Here the adjective is indefinite while the noun it is qualifying is not. Should the former not have had ה before it?

אני מודה לכם מאוד


----------



## Drink

Seems to be the participle is used as a verb not as a modifier here.


----------



## Ali Smith

Oh, I see. But then why is the pronoun at the end in the plural? Shouldn’t it have been פניו?


----------



## Drink

Huh? Not sure why you think it should be singular. זקנים is still plural.


----------



## Ali Smith

Yes, but that implies that זקנים, together with דוד, is the subject of ויפל.


----------



## Drink

Oh right my bad, על פניהם is referring to ויפל, you're right.

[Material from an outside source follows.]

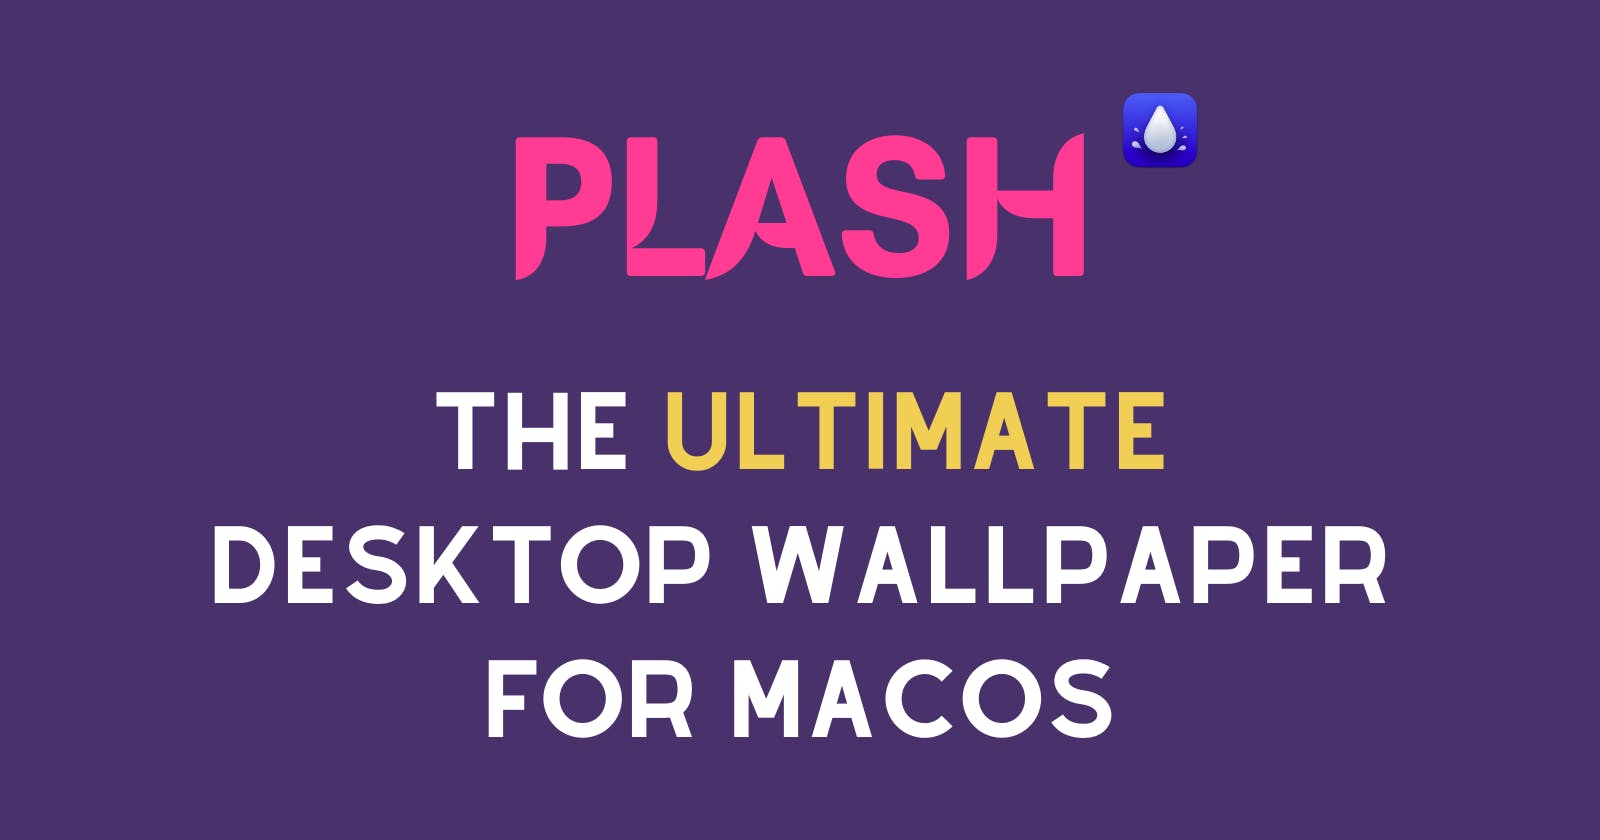 Plash - The Ultimate Desktop Wallpaper for macOS

I would say מכוסים בשקים is an appositive phrase, not an adjectival modifier phrase.


----------



## JAN SHAR

Maybe it's telling us the state the elders were in at the time.


----------



## Drink

JAN SHAR said:


> Maybe it's telling us the state the elders were in at the time.


That doesn't really answer the question though, which is why it agrees in number but not definiteness.


----------



## Ali Smith

JAN SHAR said:


> Maybe it's telling us the state the elders were in at the time.


It could be similar to the following:

וְנָתַתִּי אֶת חֵן הָעָם הַזֶּה בְּעֵינֵי מִצְרָיִם וְהָיָה כִּי תֵלֵכוּן לֹא תֵלְכוּ רֵיקָם.


----------